I'm completely aware it's an old release which is not supported. But I'm quite sure a lot of people used it years ago with their systems. Therefore I was just asking and hoping for someone with some old knowledge about it !

Regarding the /boot/device.hints adjustments: I already found that one, and it would be very handy I think. However the man page about it says:
The *device.hints* file first appeared in FreeBSD 5.0.

Is there maybe a way to do something like that in the /boot/loader.conf?


----------



## Deleted member 45312 (Aug 5, 2016)

Therefore, I think you have to make a custom kernel with a line about ed0 into the configuration file.


----------



## Deleted member 45312 (Aug 5, 2016)

I started in 1999 with FreeBSD 3.1. The "Complete FreeBSD" book by Greg Lehey was of great help to start.
http://www.lemis.com/grog/Documentation/CFBSD/
You will find all you need to make a custom kernel from that era.


----------



## SirDice (Aug 5, 2016)

Well, if you insist on using FreeBSD 4 why don't you at least try the last 4 version; 4.11?


----------



## RedShift1 (Aug 6, 2016)

Oh wow this brings back memories... Why not upgrade its RAM (quick Google says 32 MB is the maximum supported), should be cheap on eBay, so you can upgrade to a newer release?

Update: https://www.kahlon.com/rm1464_Compaq_Deskpro_XE_466.html It's even in stock...


----------



## cwf-ml (Sep 15, 2016)

Uh...  the NE2000.  I hated that thing with a passion. It was a nightmare to set up and get running (jumpers) for a newbie, and and a pain in the ass for a network administrator running a 200+ PC shop. I did both. 

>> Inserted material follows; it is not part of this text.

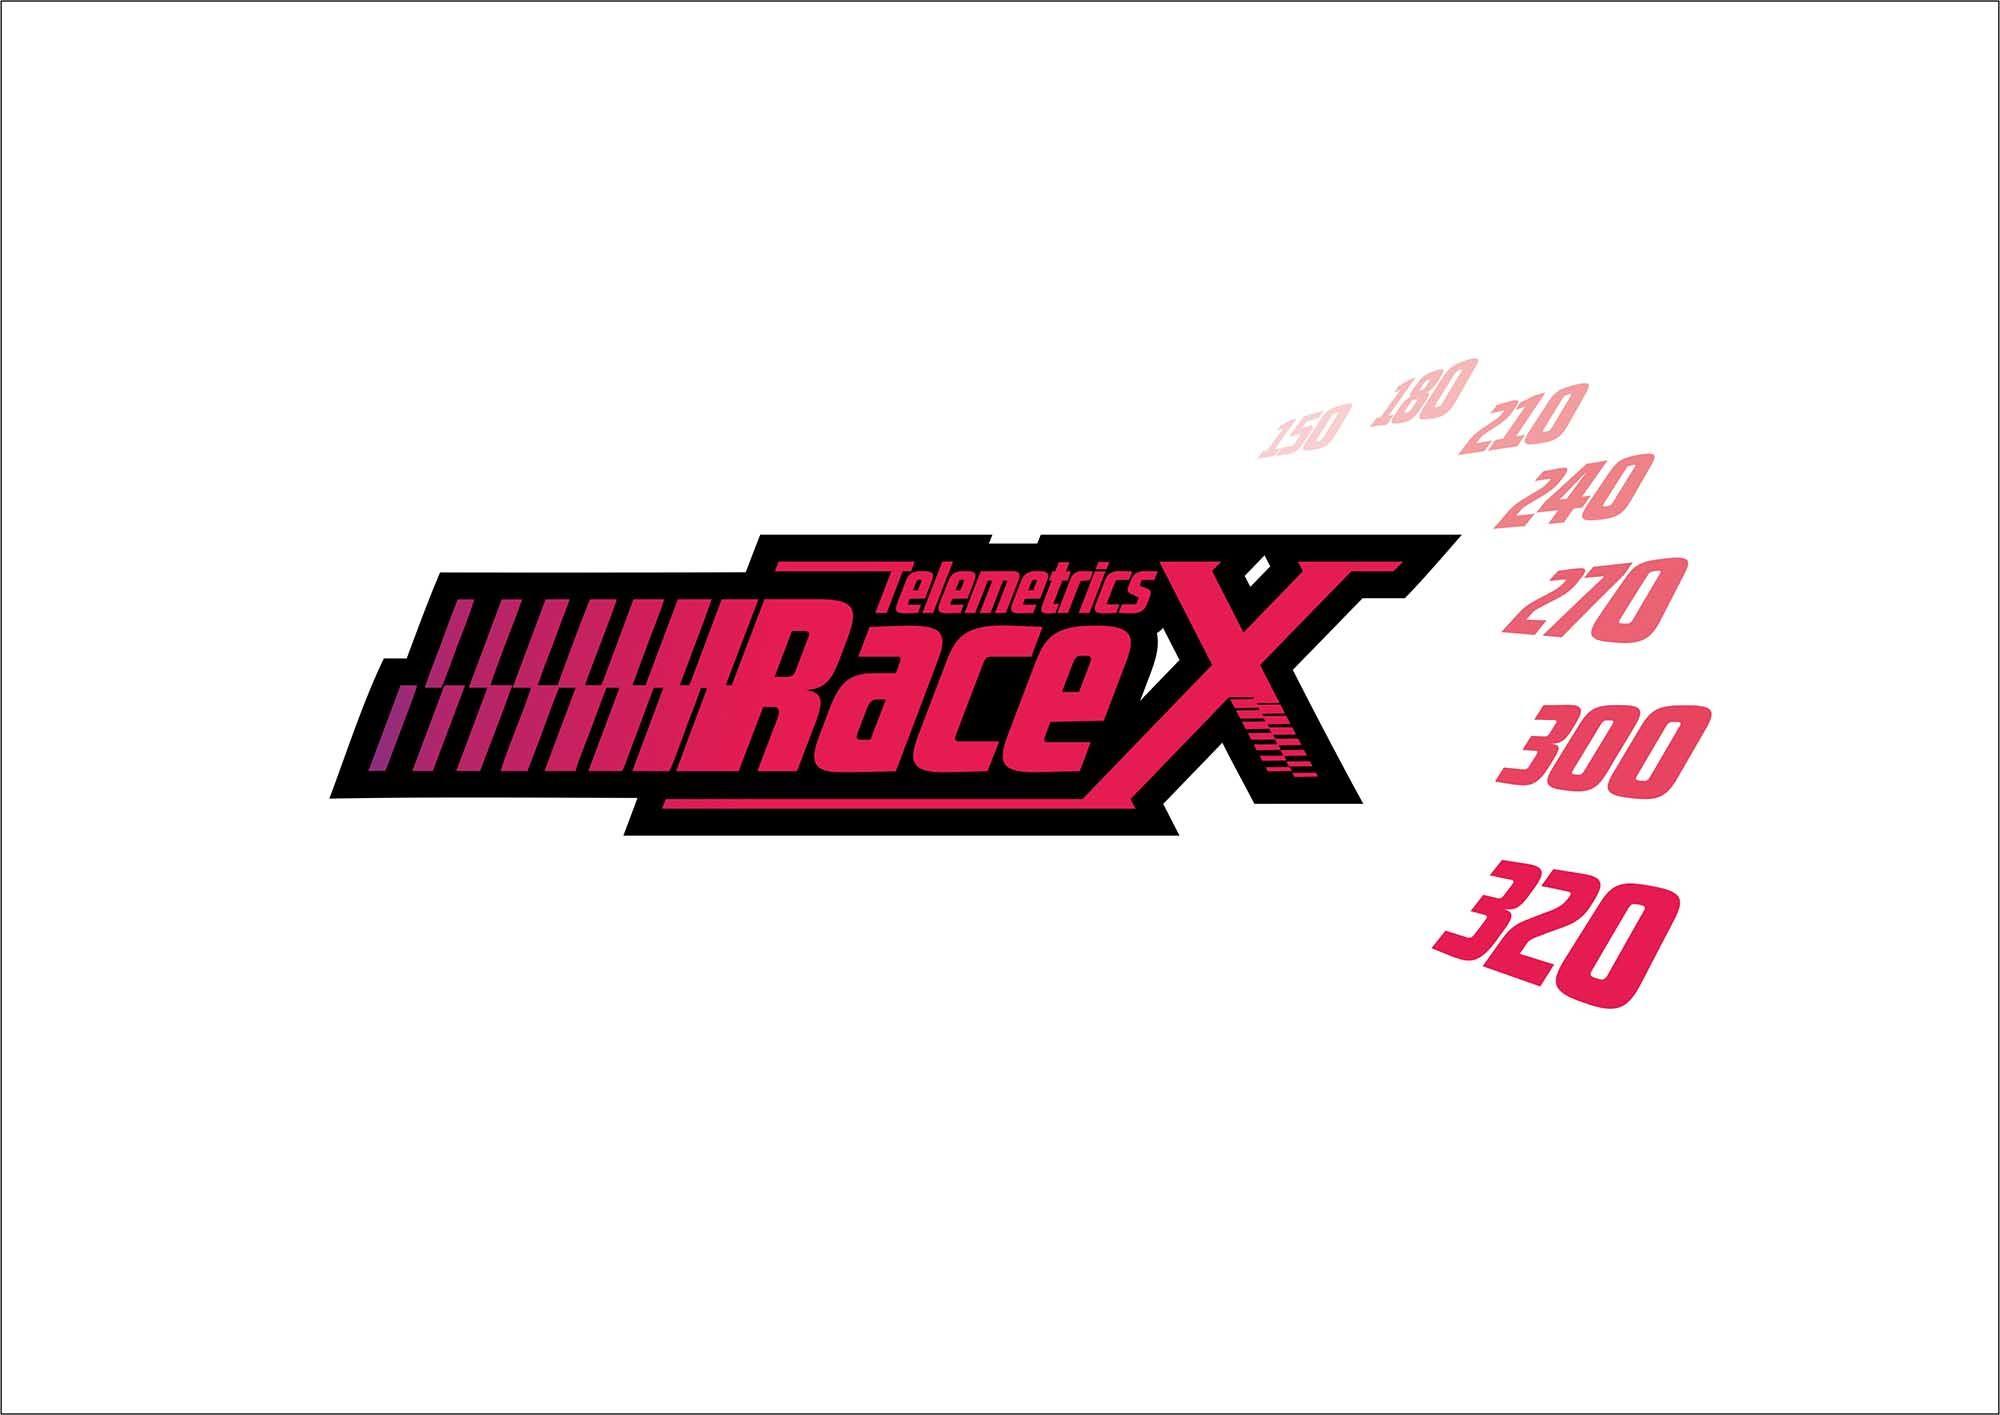 Логотип RaceX Telemetrics  - дизайнер cga-design

Like many NatSemi DP8390 based NICs (WD8XXX and many others) it performed decently well with FreeBSD for those times, and it was widely available and quite cheap. Basically, Novell kick-started the PC networking era by throwing that thing out to the masses, essentially at cost. The 8390 and its clones were the Realteks of the ISA era, and did a way better job in that role than Realtek did ever since.  
Of course, in the mid 90s the good folks at 3com introduced the 3c509B NIC, and from that time on that thing was God's Gift To Network Administrators running ISA based system. Fully software configurable, flexible, and blazingly fast with good drivers, it obsoleted most other NICs in the professional realm. Only, a few years later came PCI, and the cards were shuffled anew. After some back and forth (the first generation of PCI NICs were mostly crap all over the place) the world recognized that now the new gold standard would be Intel (the Pro/100 etc, fxp), and the crap heaps of the world would be swamped by Realtek's sorry excuse for an ethernet chipset. And that lasted until Gigabit became commonplace   If you can get your hand on a 3c509B, ditch the NE2k for it. 

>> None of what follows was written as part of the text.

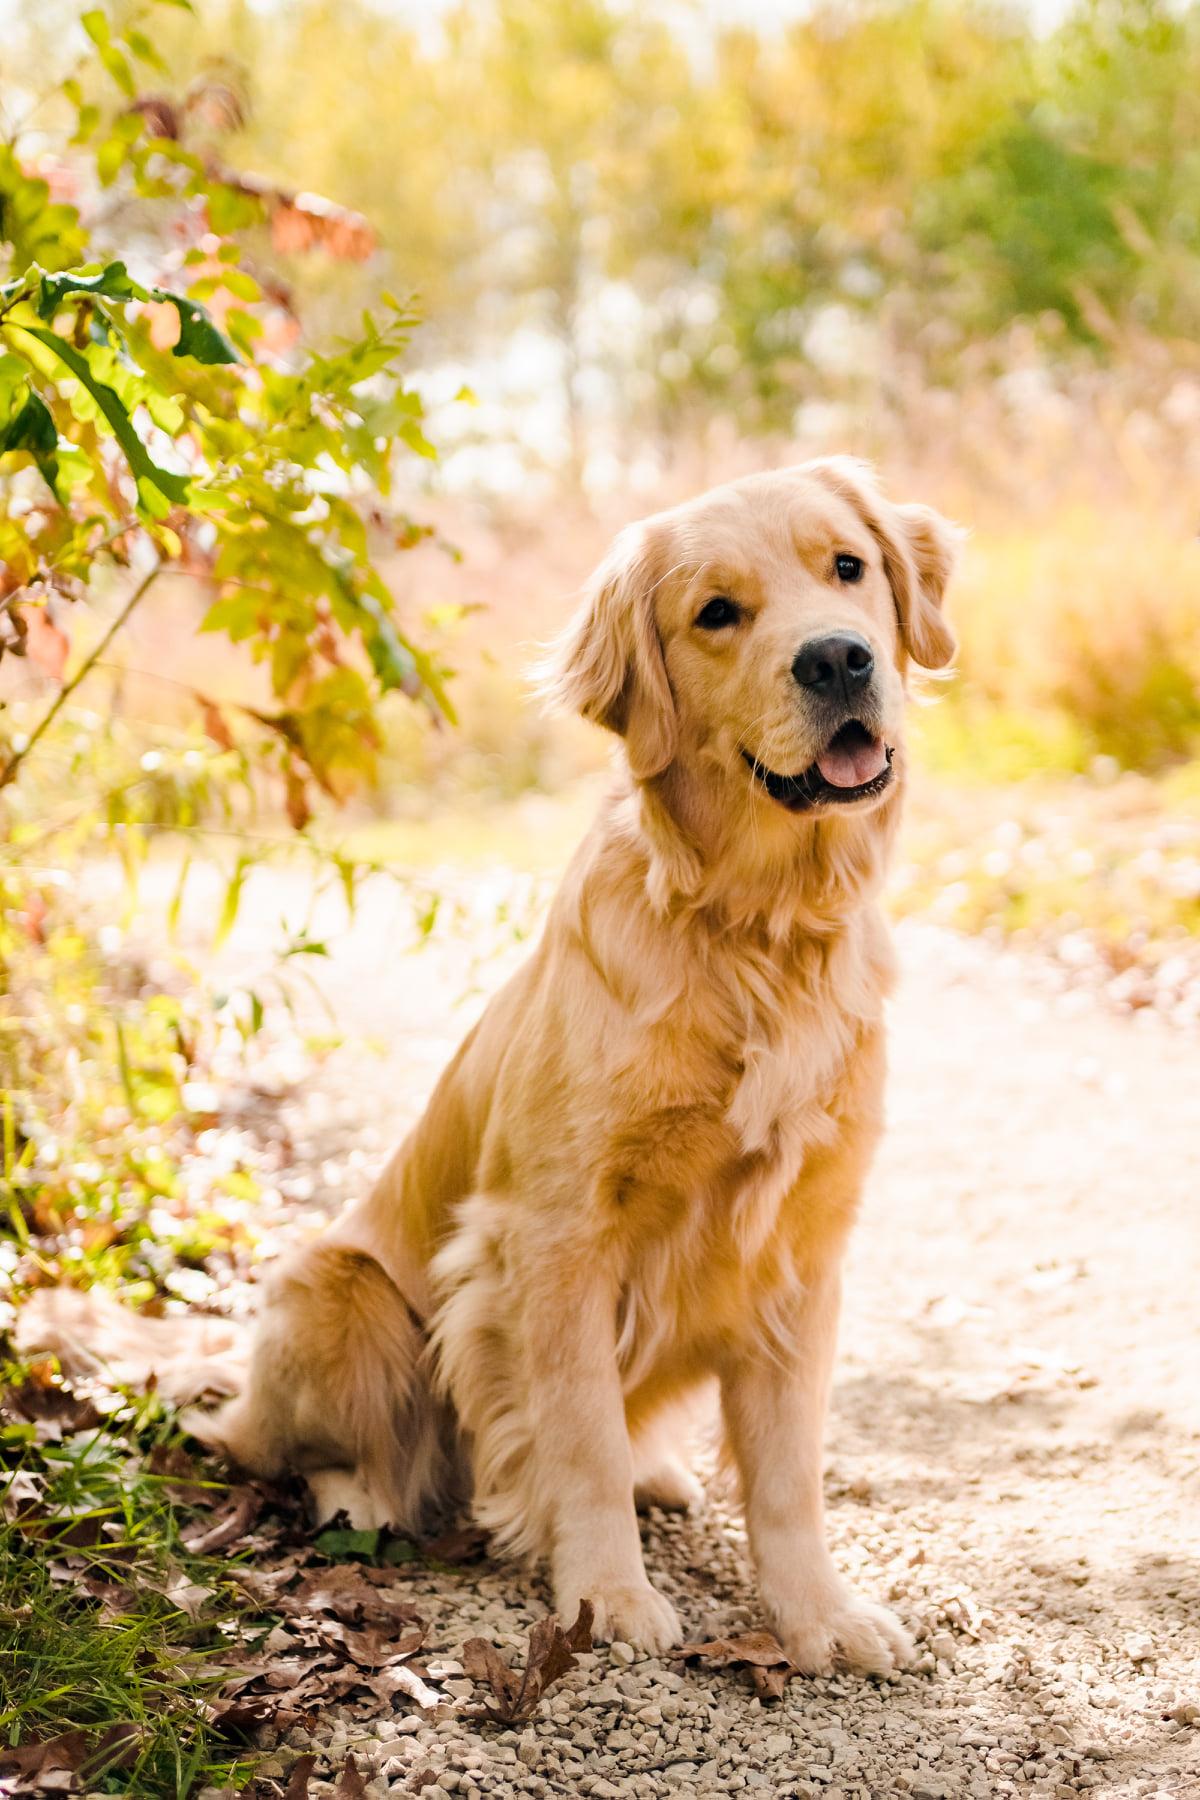 Kona DOTM in Apple Valley Dog Day Getaway

But enough of history. The secret to the NE2K is that you jumper or dip-switch the thing to the kernel's default setting. If you are new to BSD, don't bother with recompiling a kernel for the installation - you most likely know your PC better than BSD, and you configure your PC to run the BSD installation, not the other way round. Yes, I know, that seems quaint from today's autoconfigured world, but that's the way things were done when that hardware was built.  

I second the suggestion above to get 4.11. If you can't get a RAM upgrade from those 8 MB, start with 4.2 and do a source upgrade to 4.11 once you got a little familiar with it. Alternatively, if you are familar with BSD, use a virtual machine to build a bootable disk image with 4.11, dd that to your Compaq and work from there.  Or put the hard drive in a larger PC just for installation. 

Anyway, good luck with your endeavor. 
--Chris


----------



## cwf-ml (Sep 15, 2016)

P.S btw - according to the INSTALL.TXT 4.3 already wants 16M for Jordan's Sysinstall masterpiece. Have you tried 4.2?


----------